It was critical, they said, that such conglomerates are not allowed to discriminate and manipulate the speed or services provided to the public in order to favor self-owned or other major conglomerate content.

The Comcast-NBCU merger:

For media watchdog groups and consumer advocates, the February 2013 merger of America’s largest cable and Internet company Comcast, with one of the country’s oldest and largest news and entertainment producers, NBC-Universal, is a binding case in point to voice their objection to creation of such behemoths.

In a deal that is expected to cost cable viewers as much as $2.4 billion over the next decade, the cable giant bought General Electric’s 49% stake in NBCU, which includes the network news division along with cable properties such as MSNBC and CNBC. This means that Comcast is the sole owner of NBC, instead of just owning a majority of the network (McChesney & Nichols, 2011).

In July 2012, Comcast had purchased Microsoft’s stake in to gain sole ownership. In a coinciding branding shift, became, and in early 2013, re-emerged as a site just for the cable channel. Comcast now owns the entire digital business of NBC News.

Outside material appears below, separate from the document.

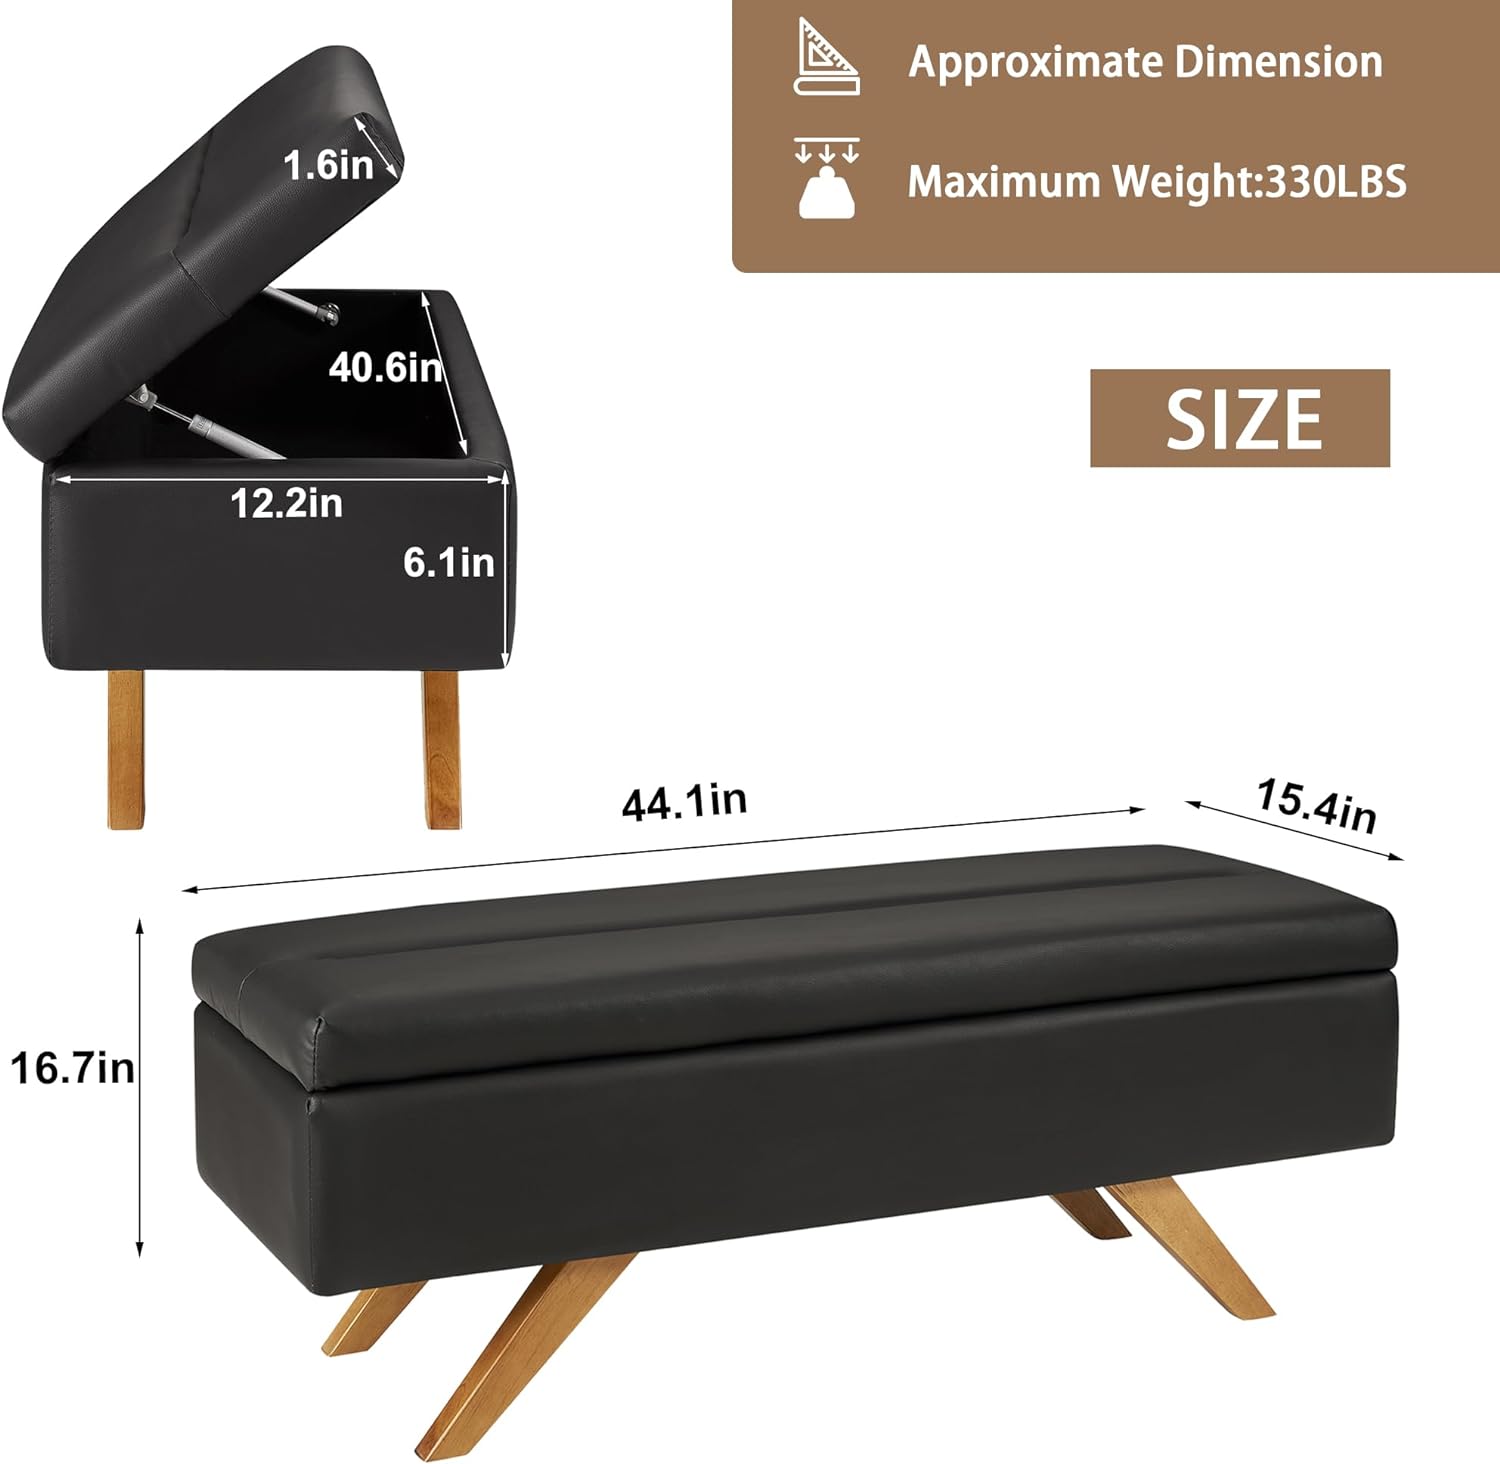 VECELO PU Leather Ottoman Bench with 6.1-inch Storage Space

With this move, Comcast will now control one in five hours of all TV viewing in the United States; will own more than 125 major cable channels, television stations, websites, film studios and related production facilities; and will dominate local media controlling cable and Internet service and TV stations in major cities across the US (McChesney & Nichols, 2011).

The Indian scenario:

Although comparatively smaller, the Indian media is nevertheless significant in terms of its potential growth on the wings of increasing mobile Internet connectivity.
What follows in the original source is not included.